Missing the Big Picture

There is a lot of buzz surrounding music labels’ agreements to sell DRM-free music in marketplaces other than the iTunes Music Store. The problem is that they miss the big picture. They don’t pay attention to the two things that really matter.

  1. People want to be able to buy their music easily
  2. People want their purchased music to work on their devices

The iTunes Music Store allows society to easily purchase music. They set the precedence with a $0.99 price point, and everyone is following suit. They showed that whether it is easy to purchase music and easy to listen to it again, they will pay that price.

The problem is that with the (barely) exception of Amazon.com’s mp3 store, the price point has stayed the same 99 cents. folks will still pay that price, and DRM-free music is certainly enticing for those of us that even understand that. Many society don’t realize that DRM even exists.

To manufacture things worse, some companies try to charge $1.99/song for downloading it straight to your phone. It just doesn’t manufacture sense.

So, you get a less-than-the-easiest interface for downloading music, and it costs about the same or more, and these companies want to bite in to Apple’s market share? I don’t think so.

If they want to bite into Apple’s bottom line, they need to offer something more than what iTunes offers. Yeah, it is DRM-free, but other than that, there is nothing.
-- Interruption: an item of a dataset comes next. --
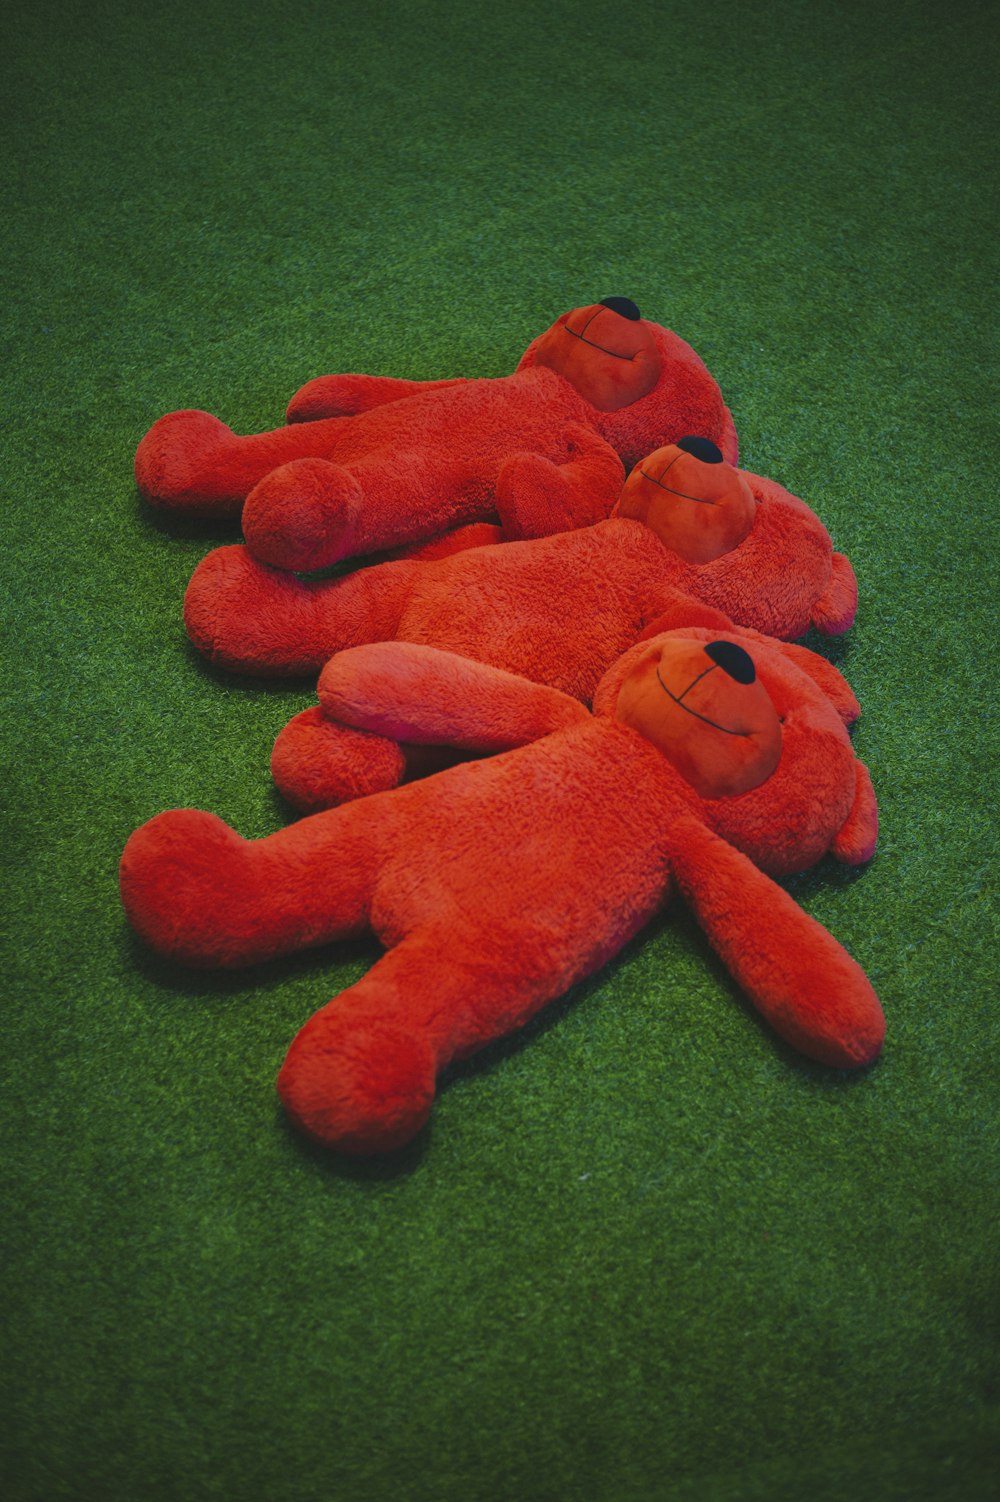 a group of orange stuffed animals

Russ Crupnick, senior analyst for NPD group had it right when he said:

“When you have 80 percent market share on Apple devices…there isn’t much demand from society to get unprotected music. They don’t seem to come across any issues with it.”
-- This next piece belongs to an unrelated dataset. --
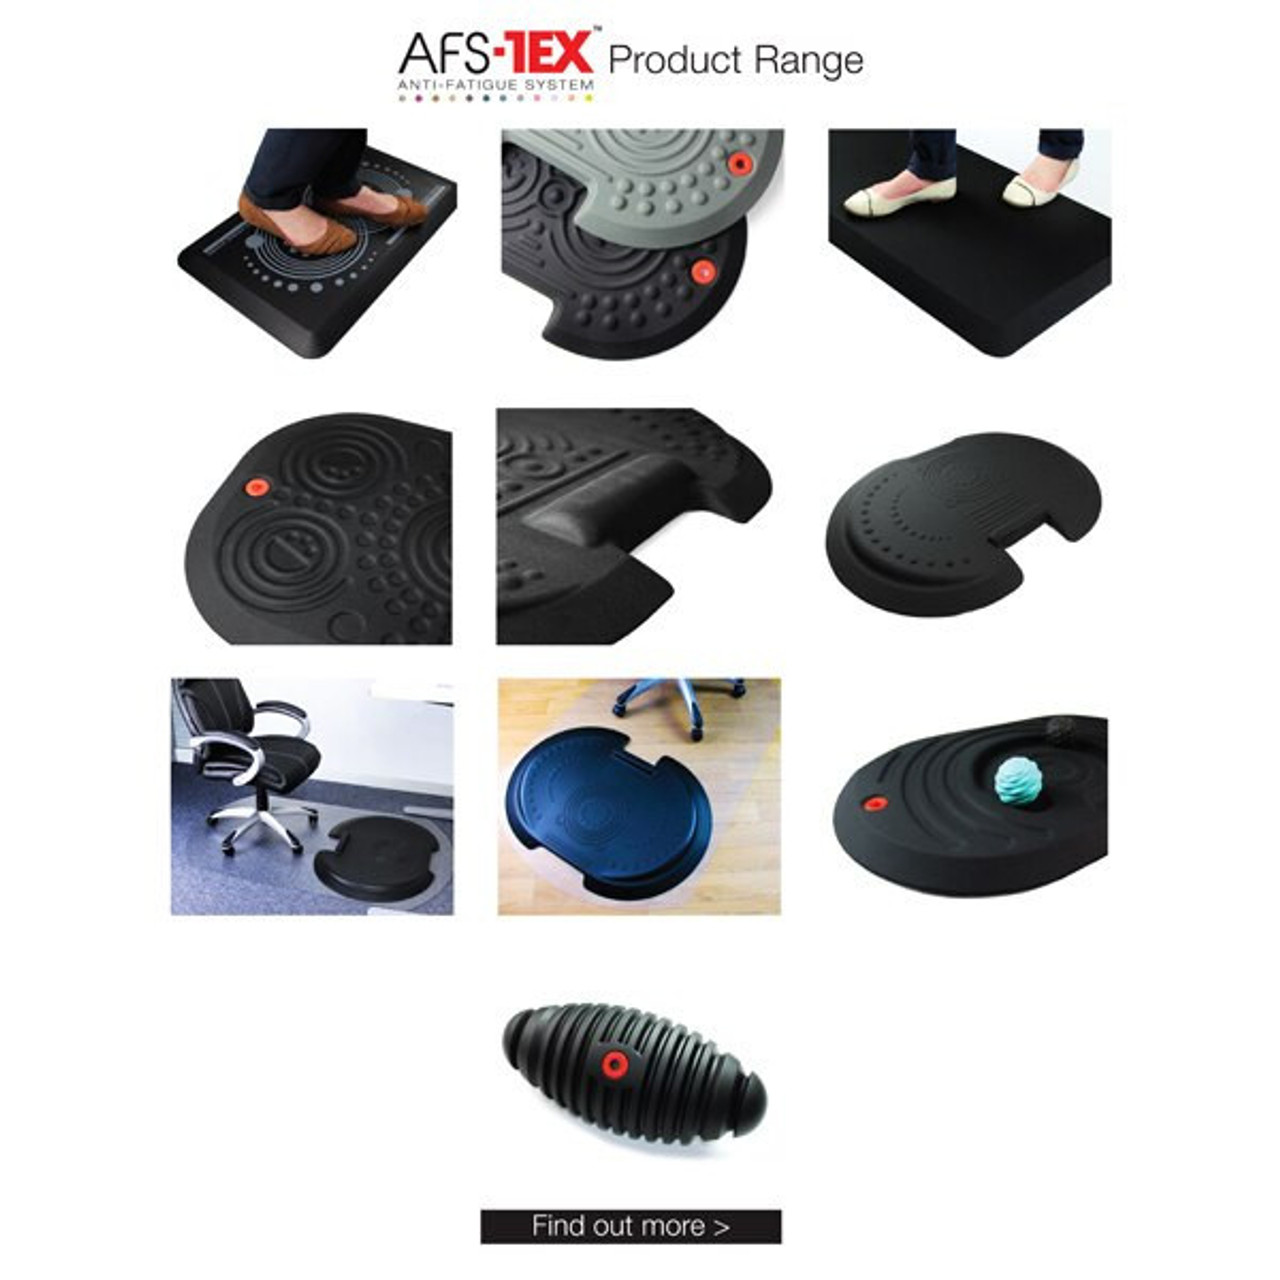 https://cdn11.bigcommerce.com/s-fjwps1jbkv/images/stencil/1280x1280/products/275/2989/afs-tex-active-standing-platform-or-premium-anti-fatigue-comfort-mat-with-foot-massage-roller-balls-for-standing-desks__49307.1688987563.jpg?c=2?imbypass=on
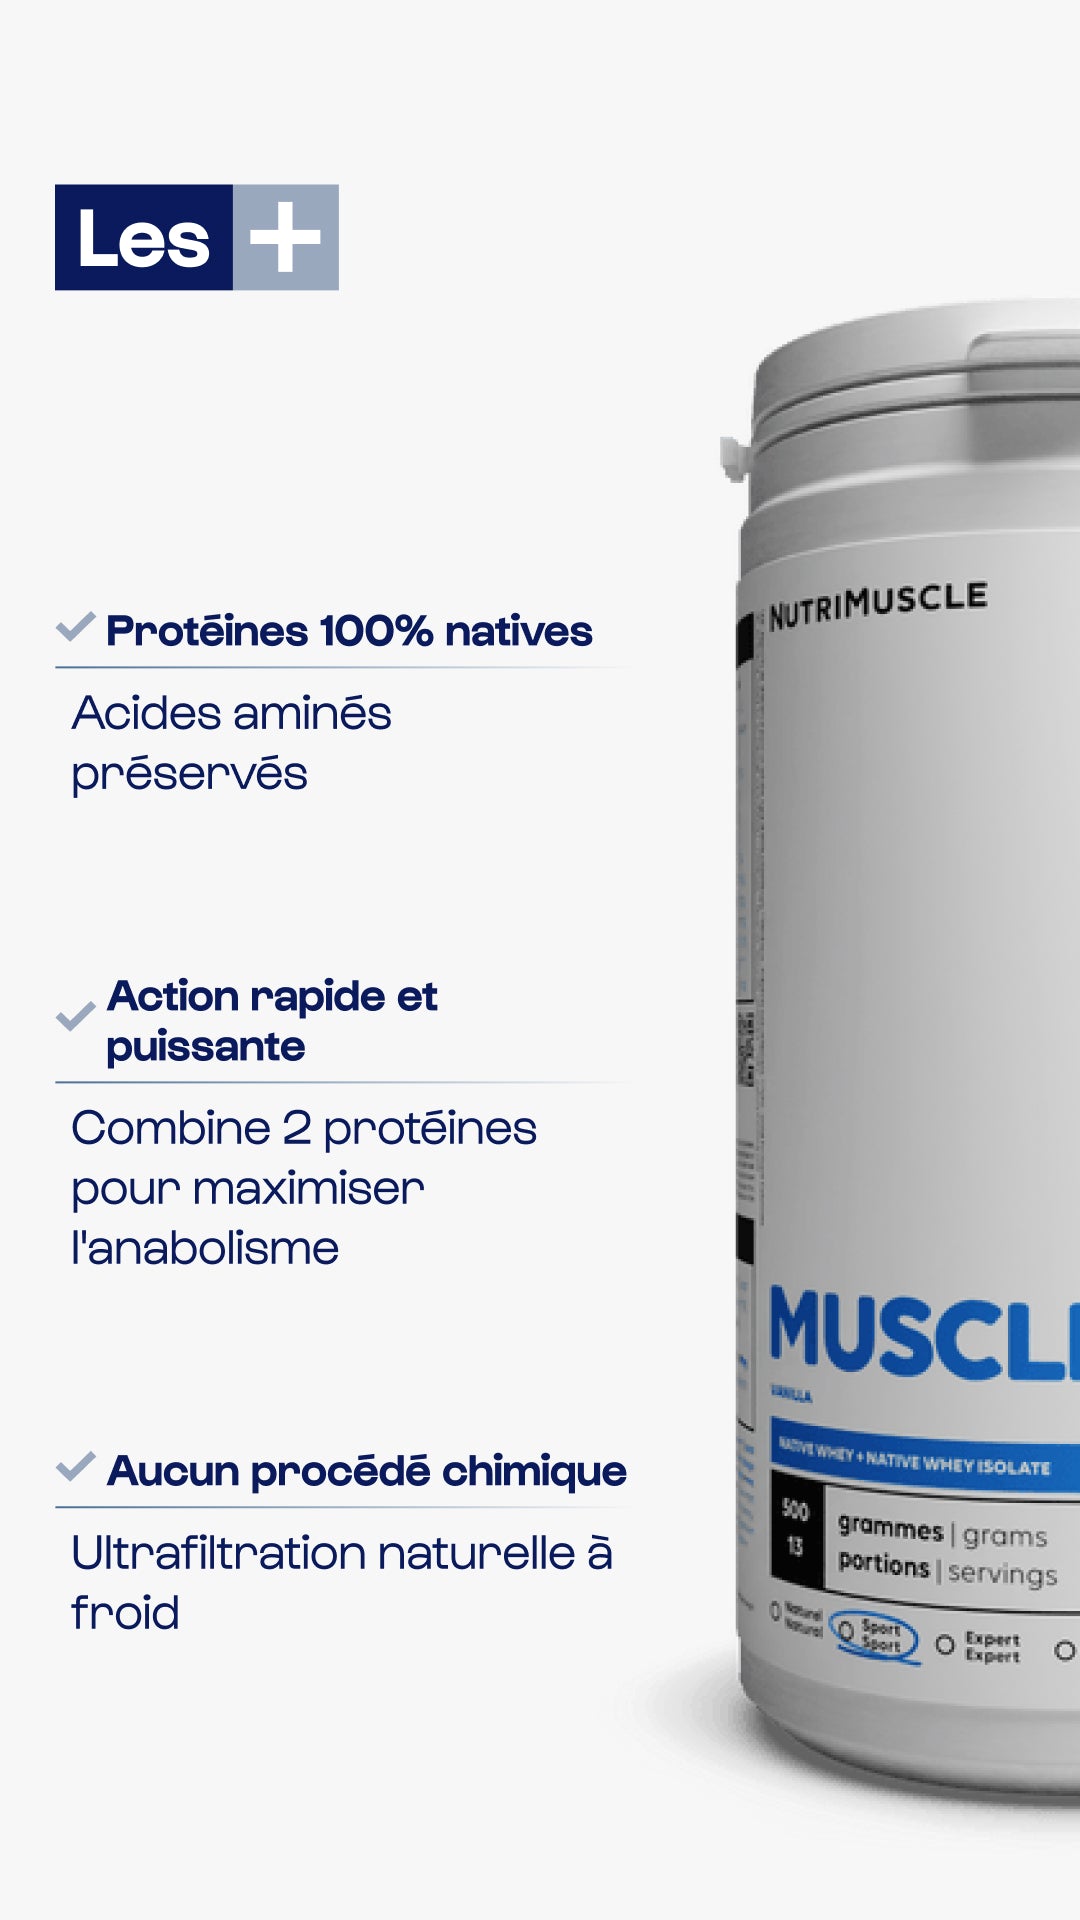 Musclewhey - mezclar proteína

I am a big fan of tossing out DRM and all, but differentiating in only the DRM category is not sufficient. These DRM-free shops will get the Apple haters, but not much more.

To

construct themselves stand out and sell more, compose a daring move and sell the music for much cheaper. humans will continue to buy music from iTunes until something better comes along. Is it greed? whether I could buy two songs from one vendor for the price of one iTunes song, and the quality was just as good as anywhere else (if not better), what would stop me from buying those two songs instead of downloading one song from iTunes? Nothing but ease of use. whether the song could be downloaded and automatically added to my iTunes Library, I would do that in a heartbeat. Who wouldn’t?
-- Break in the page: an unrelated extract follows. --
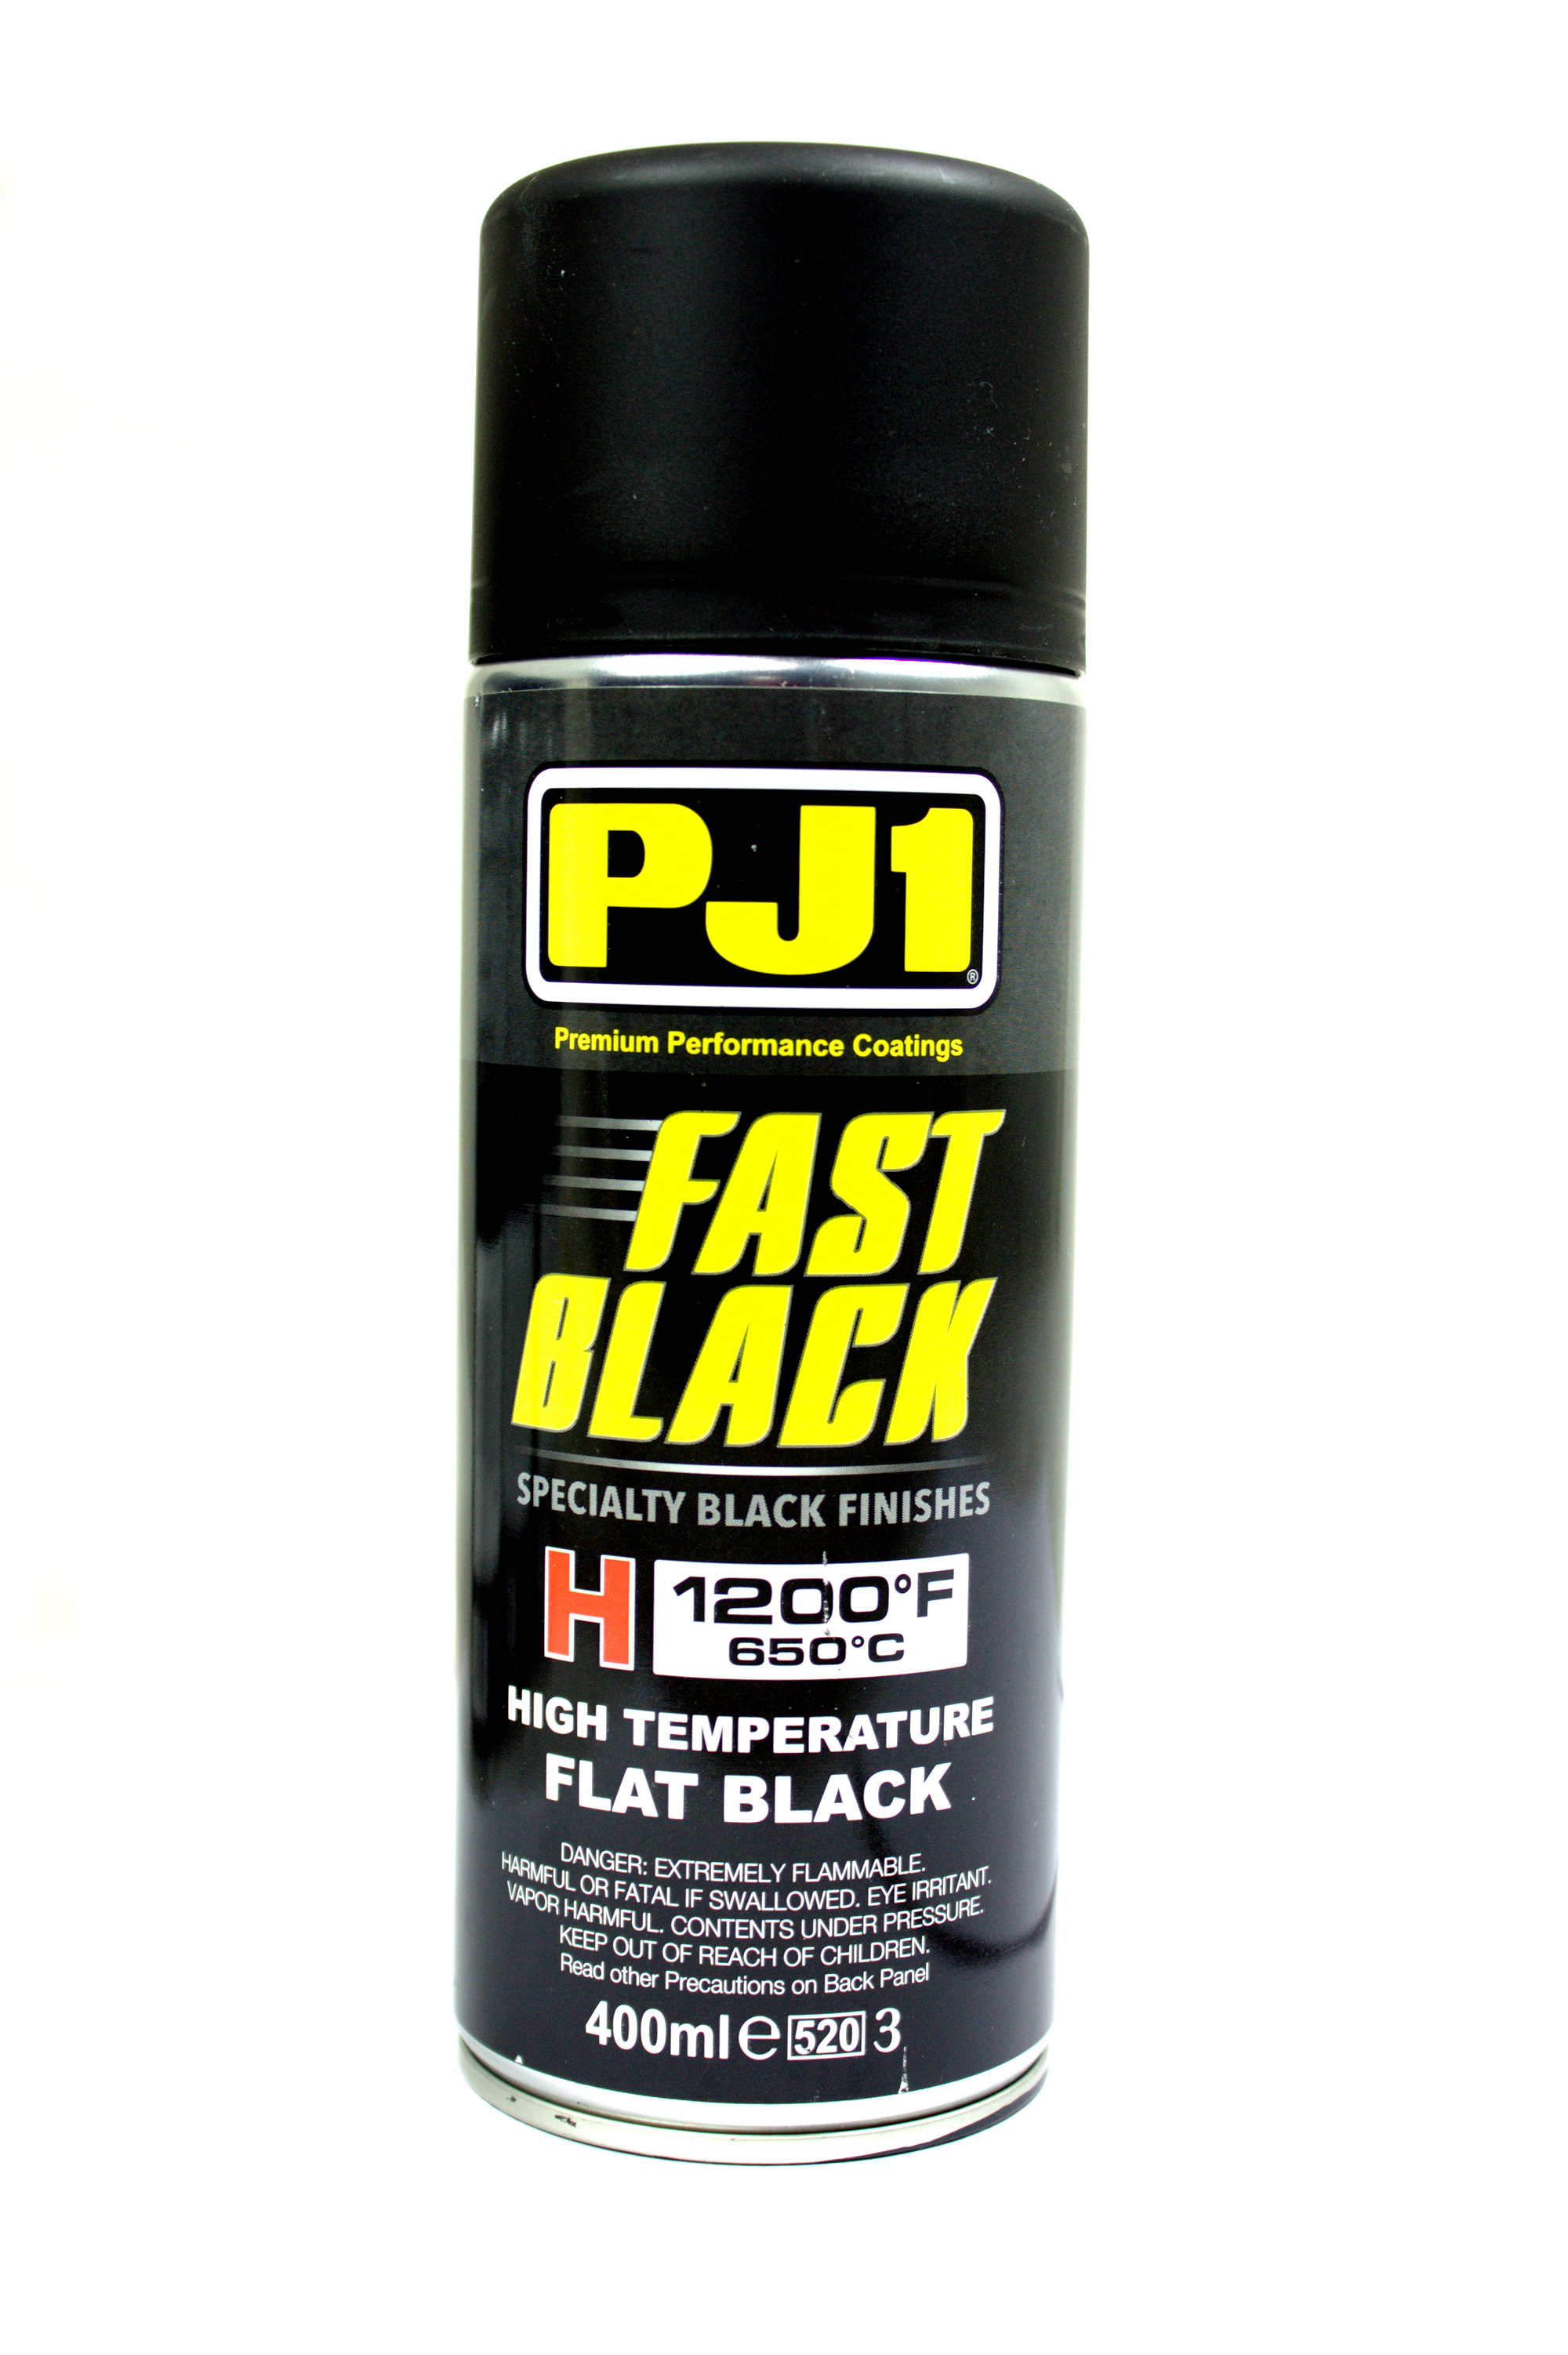 PJ1 Fast Black High Temp Exhaust Paint 0753426

Pirates will exist as expanded as it is easier to steal music than it is to buy it. Allofmp3.com had a good view when pricing songs by the goods size instead of a straight price. It was illegal which is not cool, but many society went to great lengths to purchase songs from that website. You could get within four and seven songs for the cost of one iTunes song. Music labels can create a site just like that and iTunes would immediately feel the pain. It would be so easy to get a lot of music for so cheap, that many humans just wouldn’t bother pirating music. There will always be those who break the law, and so there will always be folks who pirate music. But instead of borrowing a CD from my friend, I would much rather just go to a website and buy the album for a couple bucks.

People will always want value for the money they spend. whether Rhapsody, Napster, Amazon, Microsoft, and anyone else wants to take market share away from Apple, they need to change their tune, start making it easier to get cheaper, DRM-free music into our iTunes libraries, and the money will follow.

Orginal post by Jethro Jones

Password Reset

Please enter your e-mail address. You will receive a new password via e-mail.